The Pain Machinery
Surveillance Culture
Complete Control Productions, 2011
While there’s been a huge resurgence in “old-school EBM” over the last decade (Spetsnaz, Jäger 90, Sturm Café), the vast majority of those bands have restricted themselves to a particular interpretation of classic Belgian and German bands (not that there’s anything wrong with that), so it’s interesting to hear a Swedish band taking up the mantle of the English tradition in EBM. Am I talking about Nitzer Ebb? Yes, the genetic markers of Harris and McCarthy are here, but they’re a common ancestor to so much of the current electronic landscape that that’s no surprise. Long-standing act The Pain Machinery, however, also gravitate towards the blunt and uncompromising vitriol of Portion Control, and use it to craft a harsh and unrelenting brand of EBM.
Some cuts, like lead track “Shine”, offer a claustrophobic and abrasive wall of percussion, but even more peel back the layers of noise and almost charnel atmosphere of their earlier work (the best of which was recently compiled on The Chaos Transmissions), to reveal angular and disquieting synthleads atop whiplash percussion. Plenty of tracks have more than a touch of acid house in them, and while EBM plus acid usually equals new beat, there’s certainly none of the cold austerity that marked that genre: “Never”, “Acid Breakdown”, and “Hate Me Now” (unfortunately not a Nas cover) are pure, aggressive workouts, and sound fresh and invigorating.

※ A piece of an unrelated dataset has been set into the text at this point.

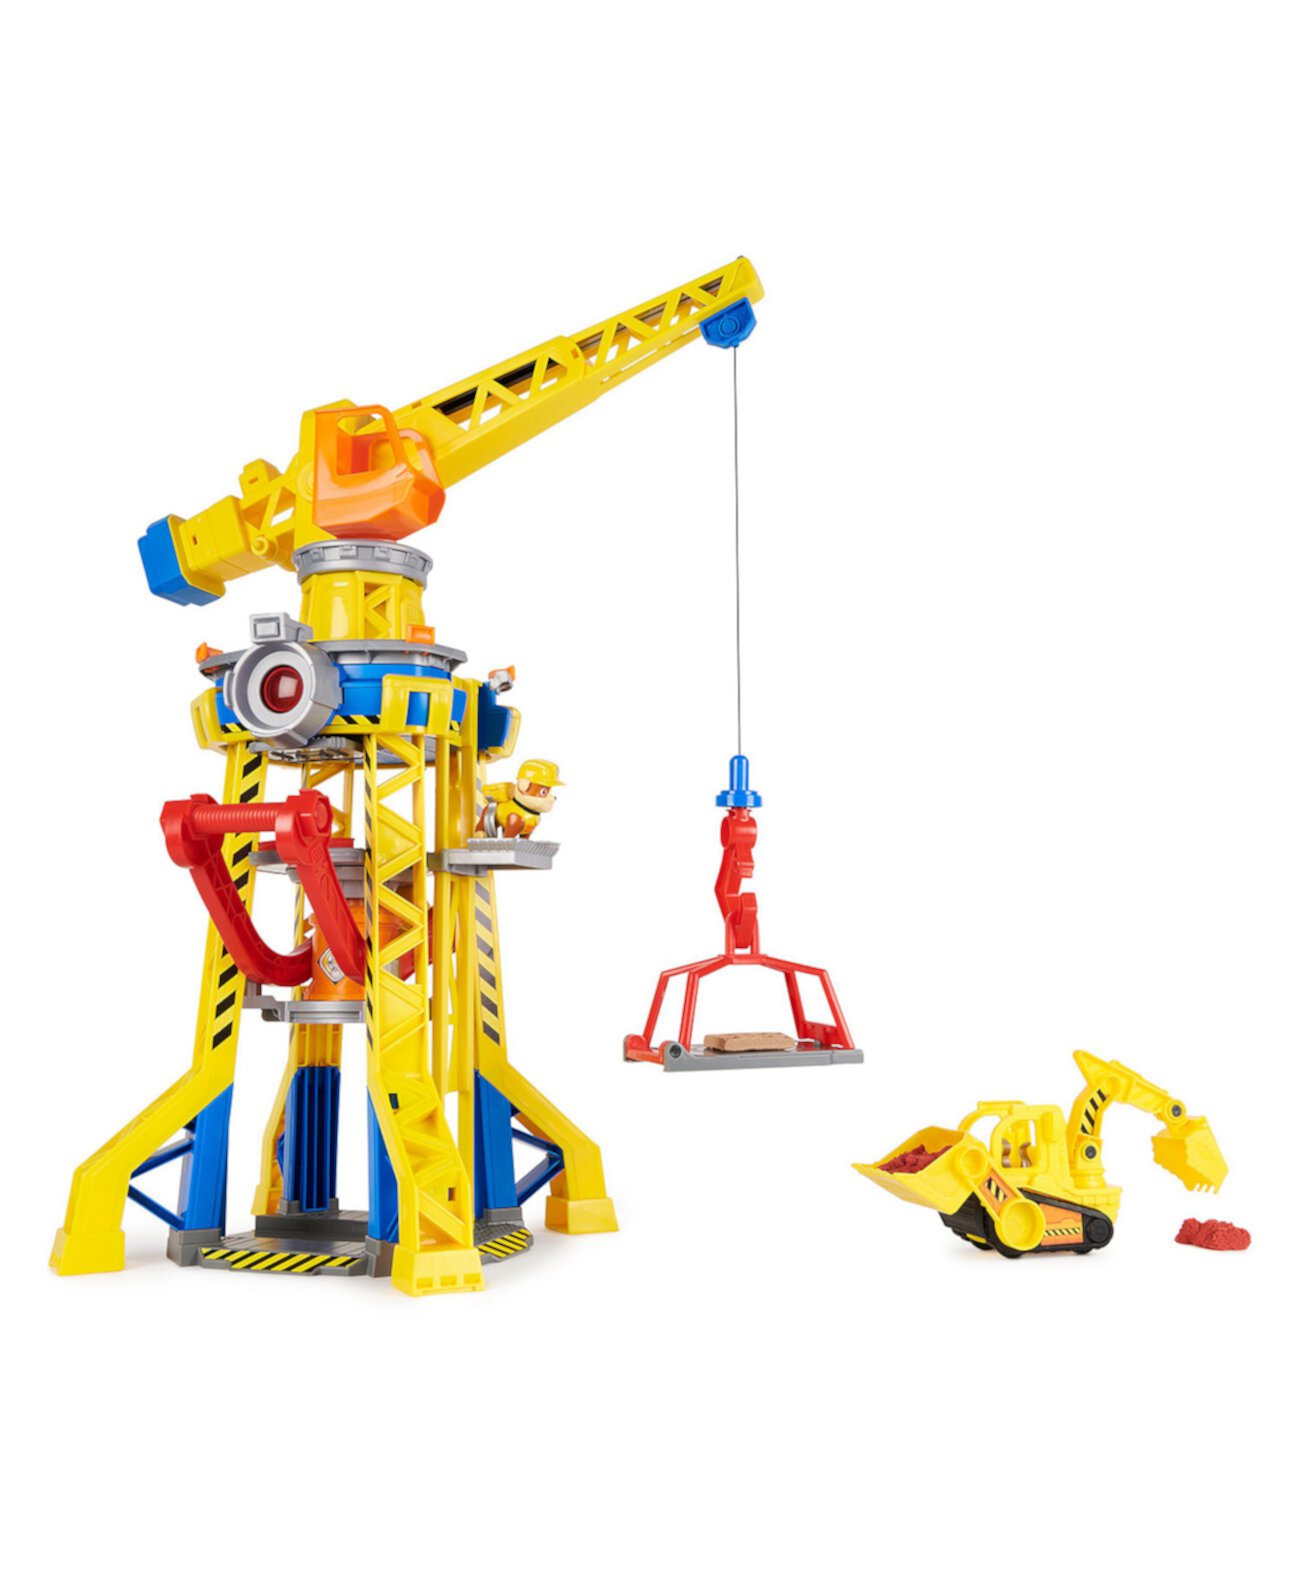 Игровой набор Bark Yard Crane Tower с фигуркой из щебня, игрушечный бульдозер, кинетический сборочный песок, детские игрушки для мальчиков и девочек 3 плюс Rubble & Crew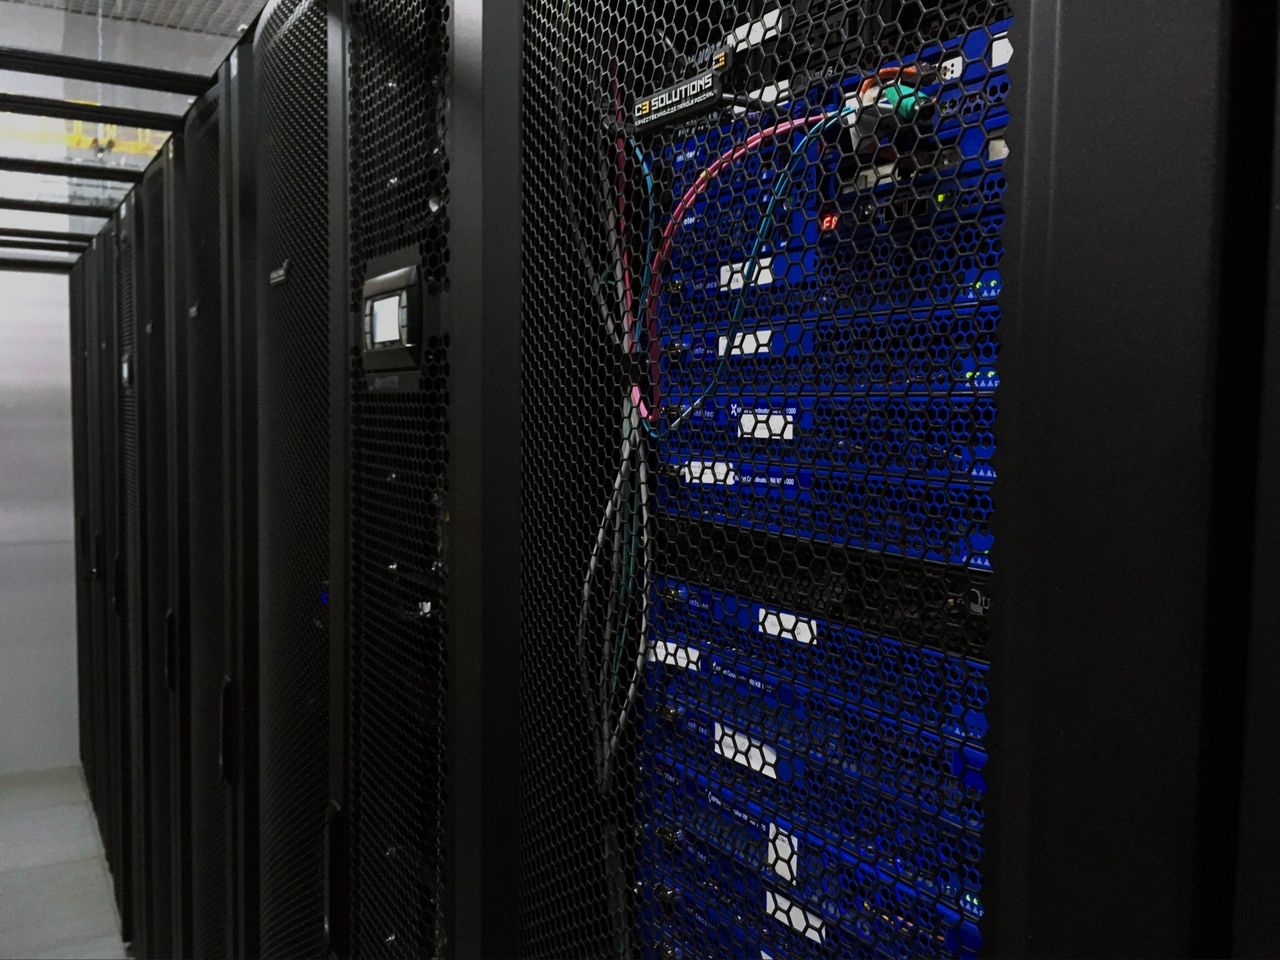 

В 2020 году в Удмуртии предотвратили 209 попыток взлома серверов Центра обработки данных

While social in aim, there’s a personal, biting anger to the tracks and lyrics here. Again, with regard to Anglo influences, the yobbish snark of street punk is a touchstone (used with far less pisstakery than delightfully goofy electro-punks Katscan).
At 14 tracks and 51 minutes, Surveillance Culture might be said to run a tad long. Considering the unremitting aggression on display, it’s certainly an endurance test at any length, though by no means an unpleasant one. It’s a refreshingly raw and unpolished slab of grinding EBM, which, while firmly rooted in an old-school ethos, blends together a series of sounds which all too often go unexplored.
NB: Auto Surveillance, a remix disc, was actually released a month before its LP of origin, and while I haven’t heard it yet the tracks on Surveillance Culture certainly sound as though they’d lend themselves well to remixing.